▶ [WORK REQUIRED]: Print the listing below again, exactly. Skip the pictures.

▶ [DATA EXTRACT]:
=====

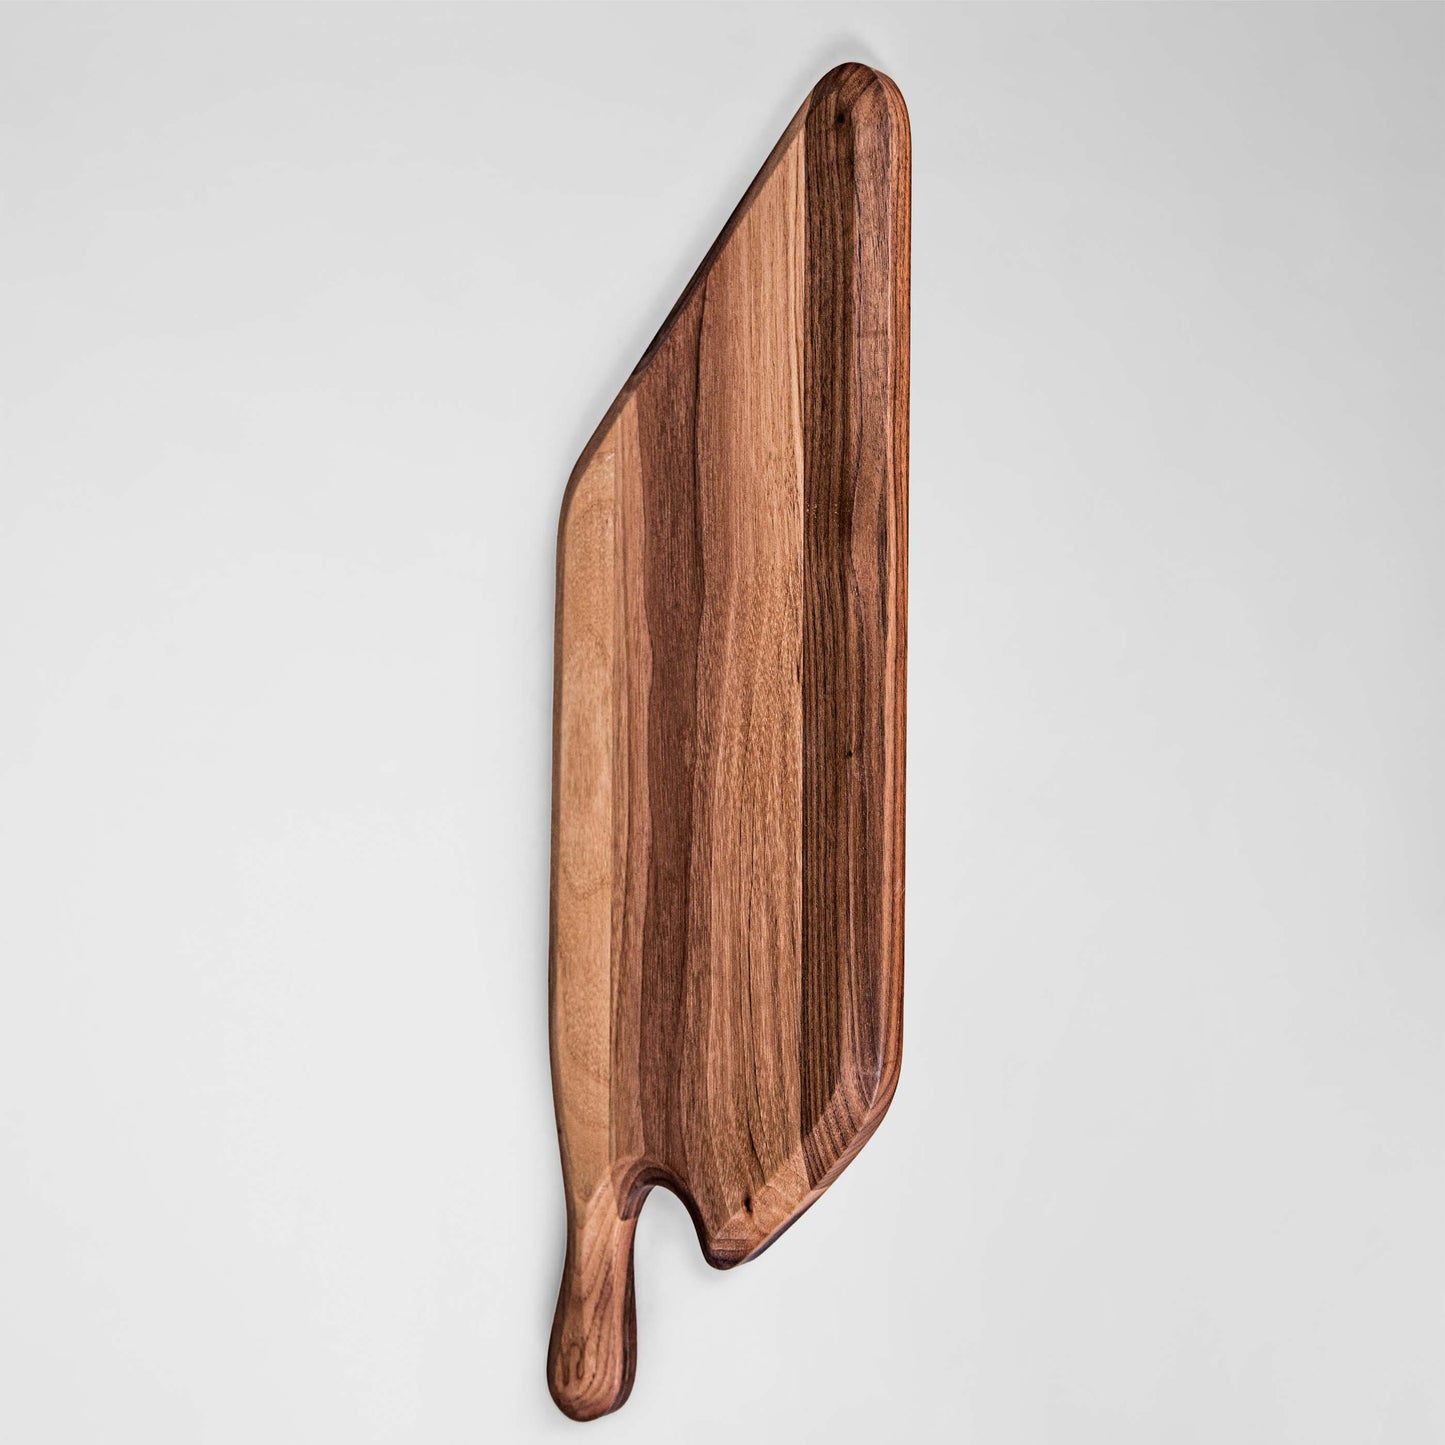 Taapa - Serving board made of walnut or ash
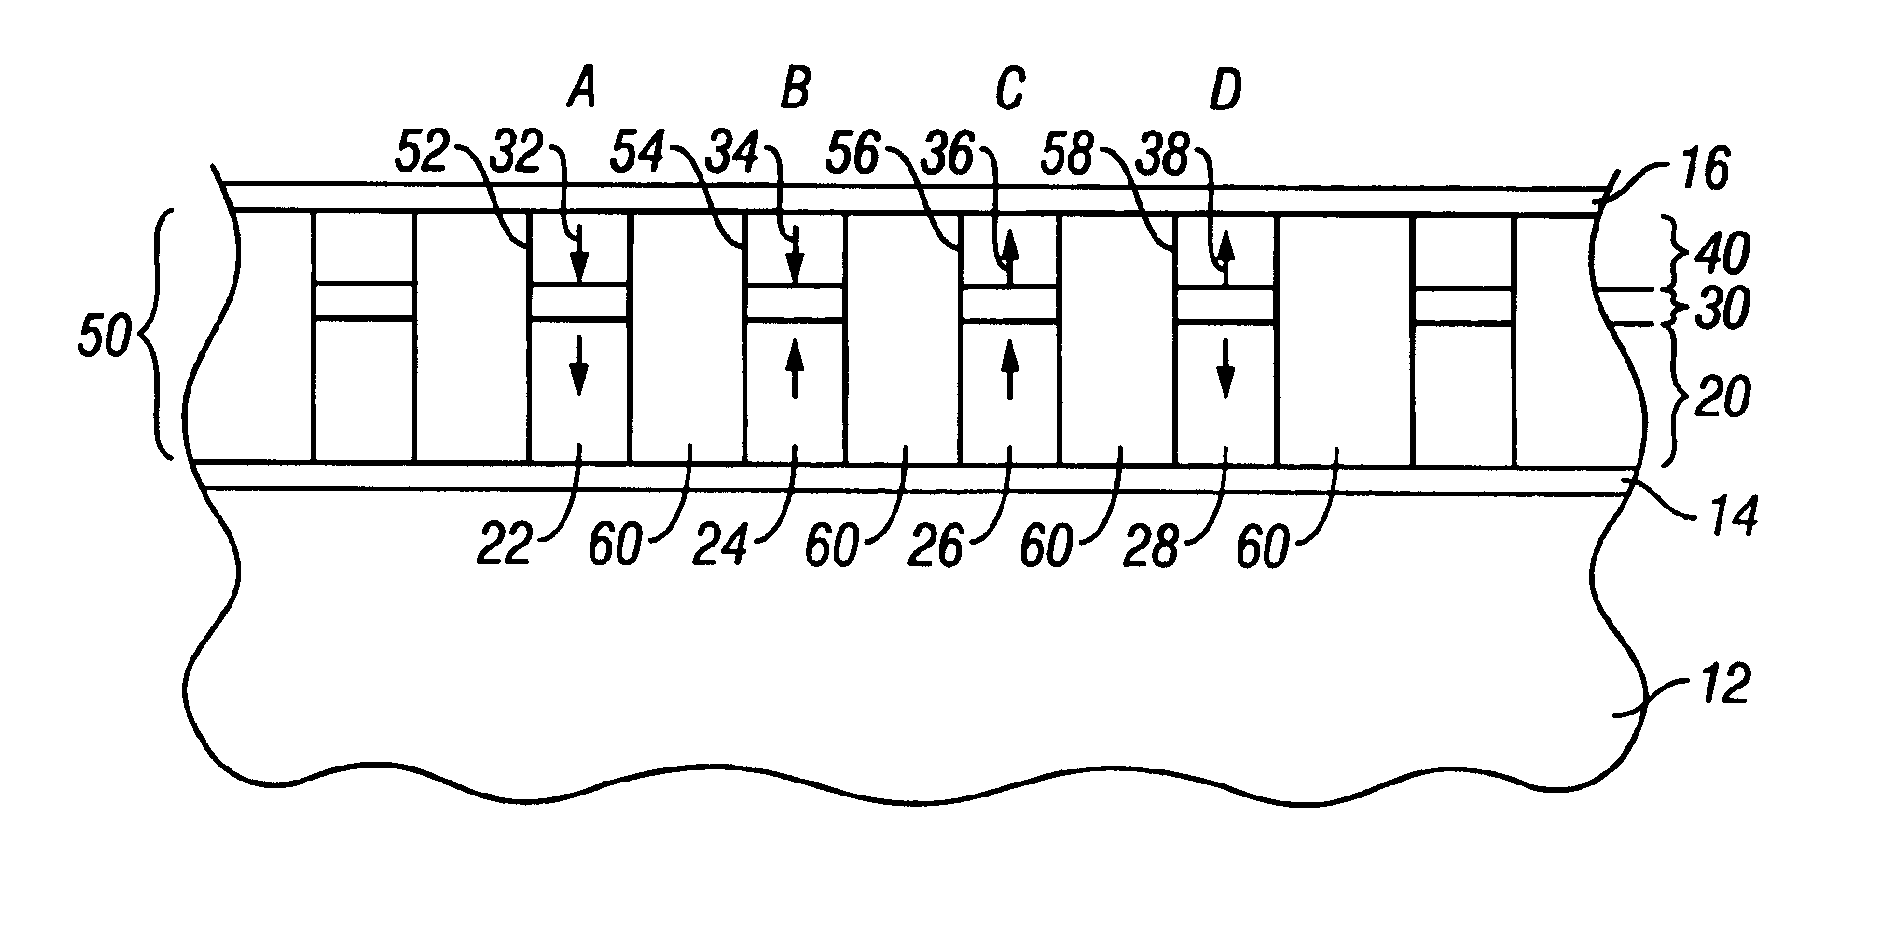 Method for magnetic recording on patterned multilevel perpendicular media using thermal assistance and fixed write current
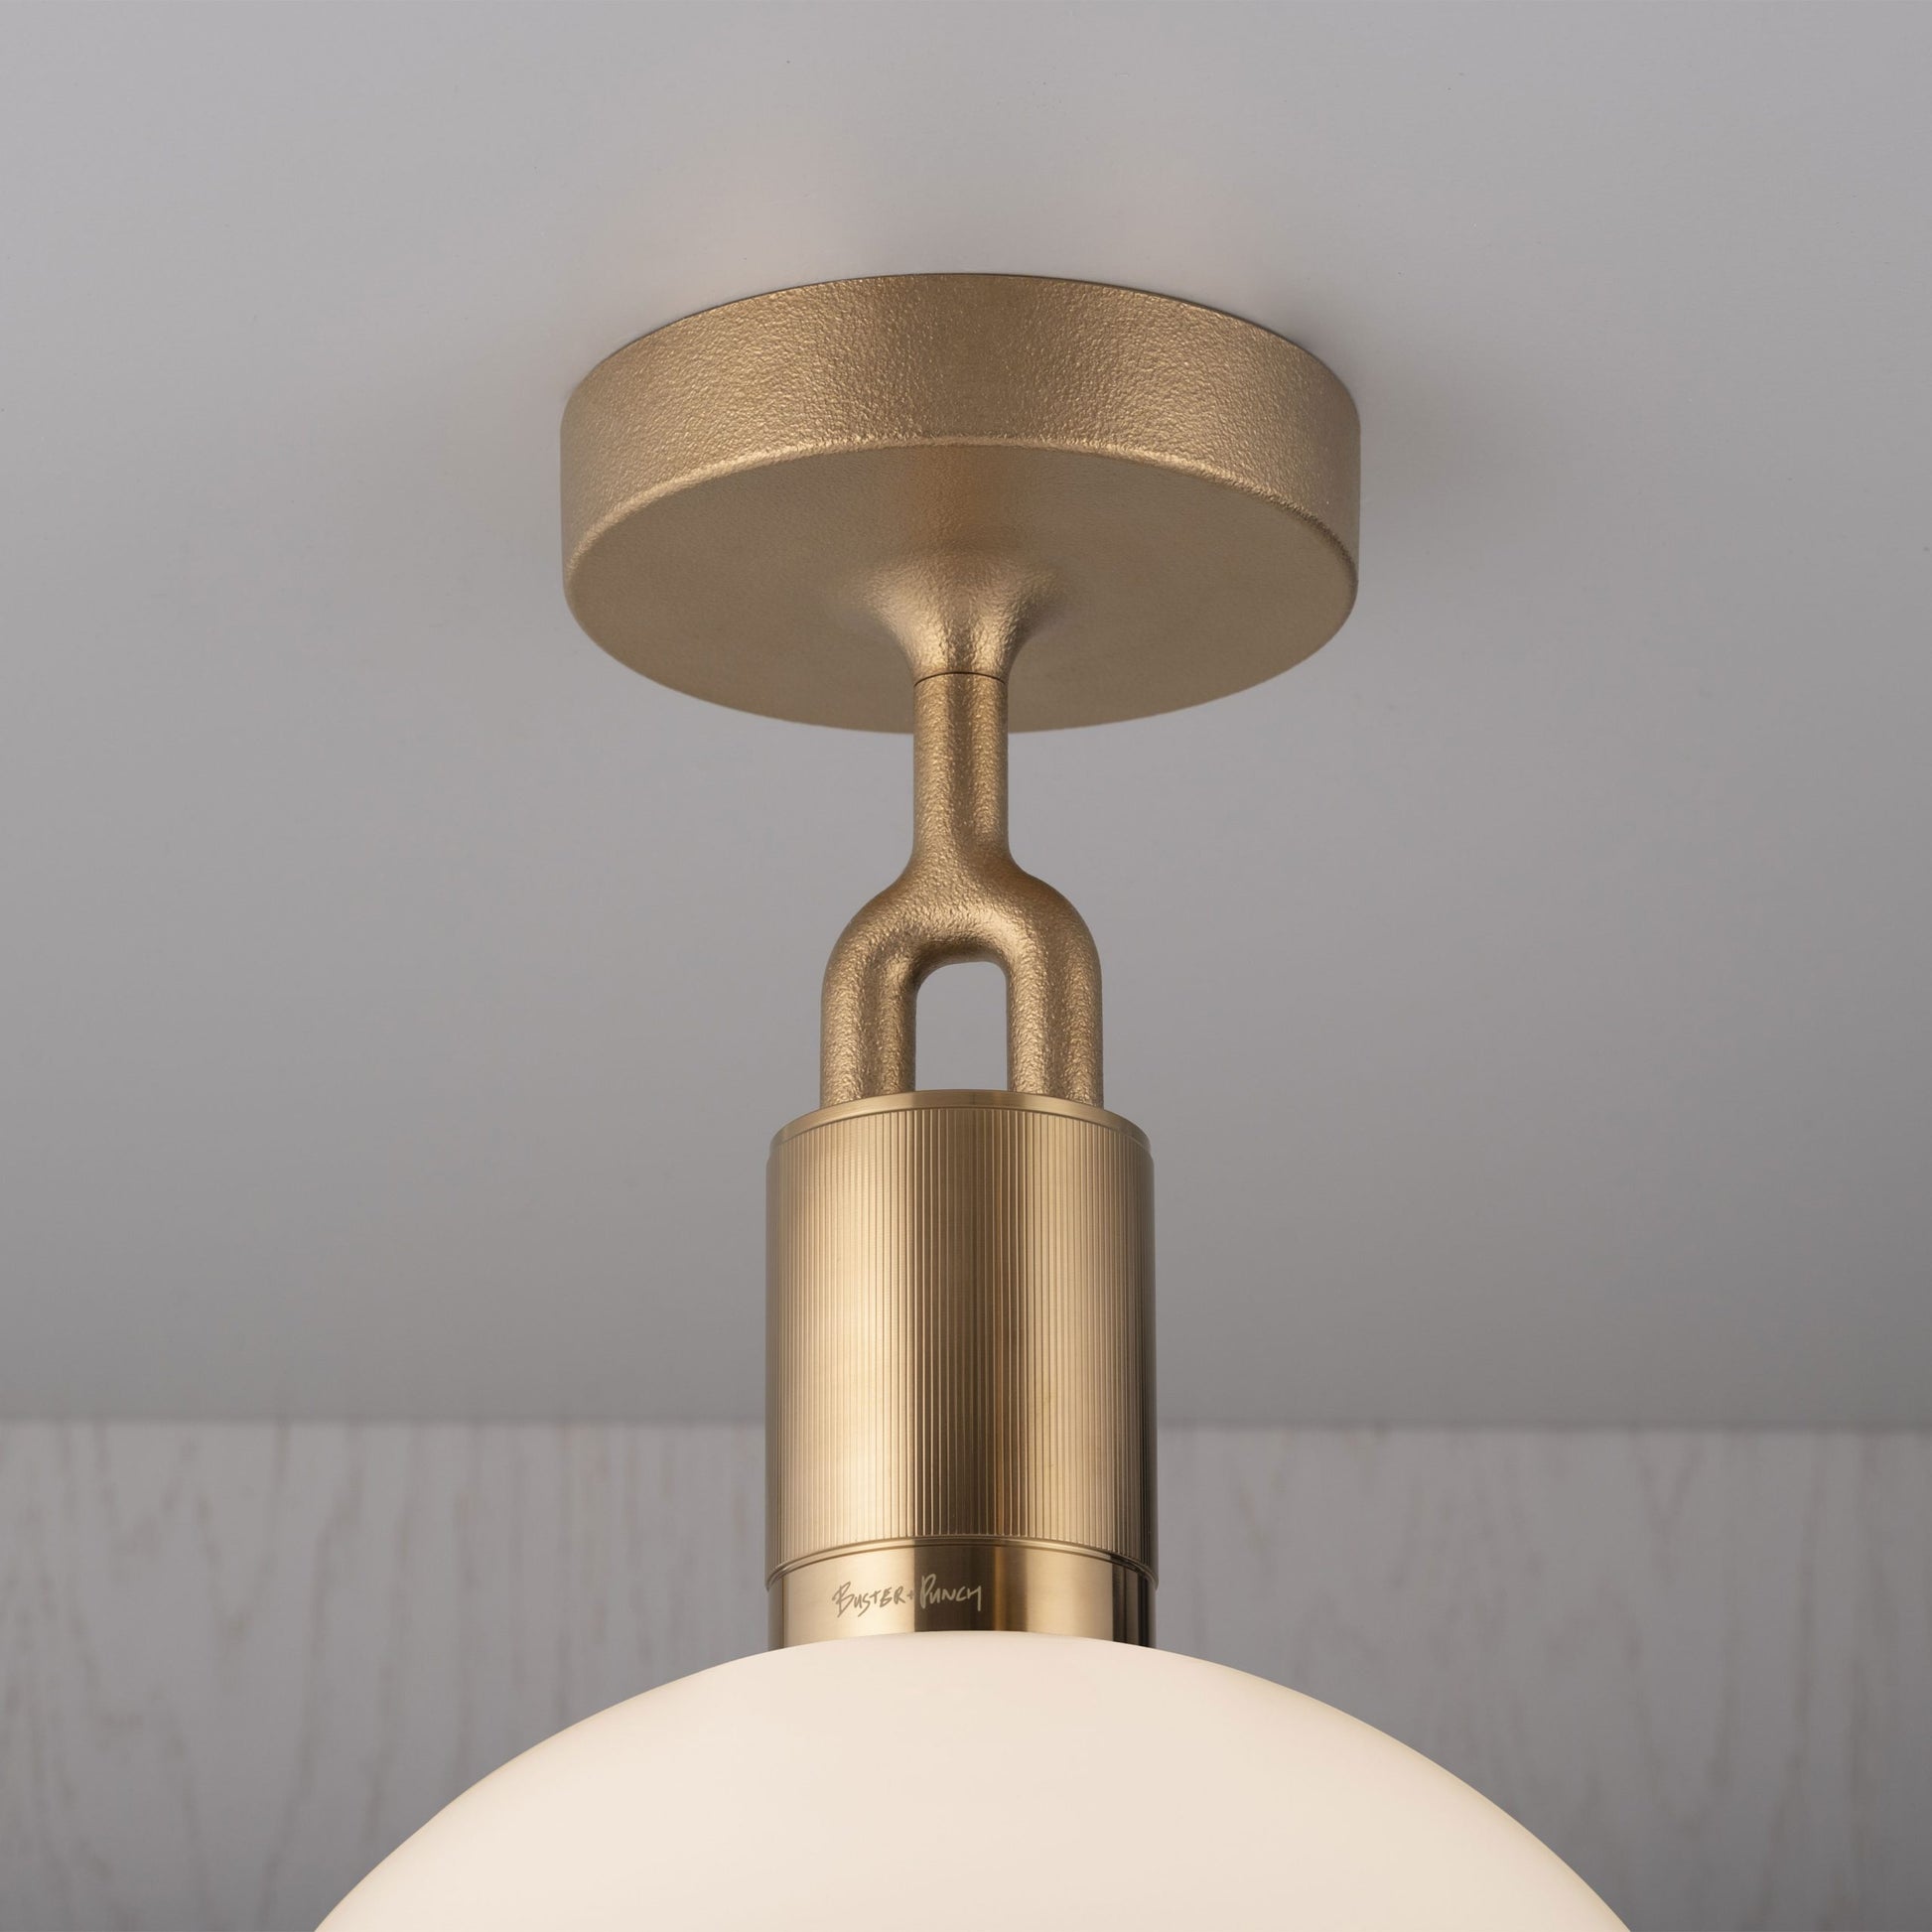 Forked Ceiling Light / Globe / Opal / Medium Brass, detailed close up of fork and fitting.

=====

▶ [OUTPUT FOR THIS EXERCISE]:
 Taapa - Serving board made of walnut or ash
 Method for magnetic recording on patterned multilevel perpendicular media using thermal assistance and fixed write current
 Forked Ceiling Light / Globe / Opal / Medium Brass, detailed close up of fork and fitting.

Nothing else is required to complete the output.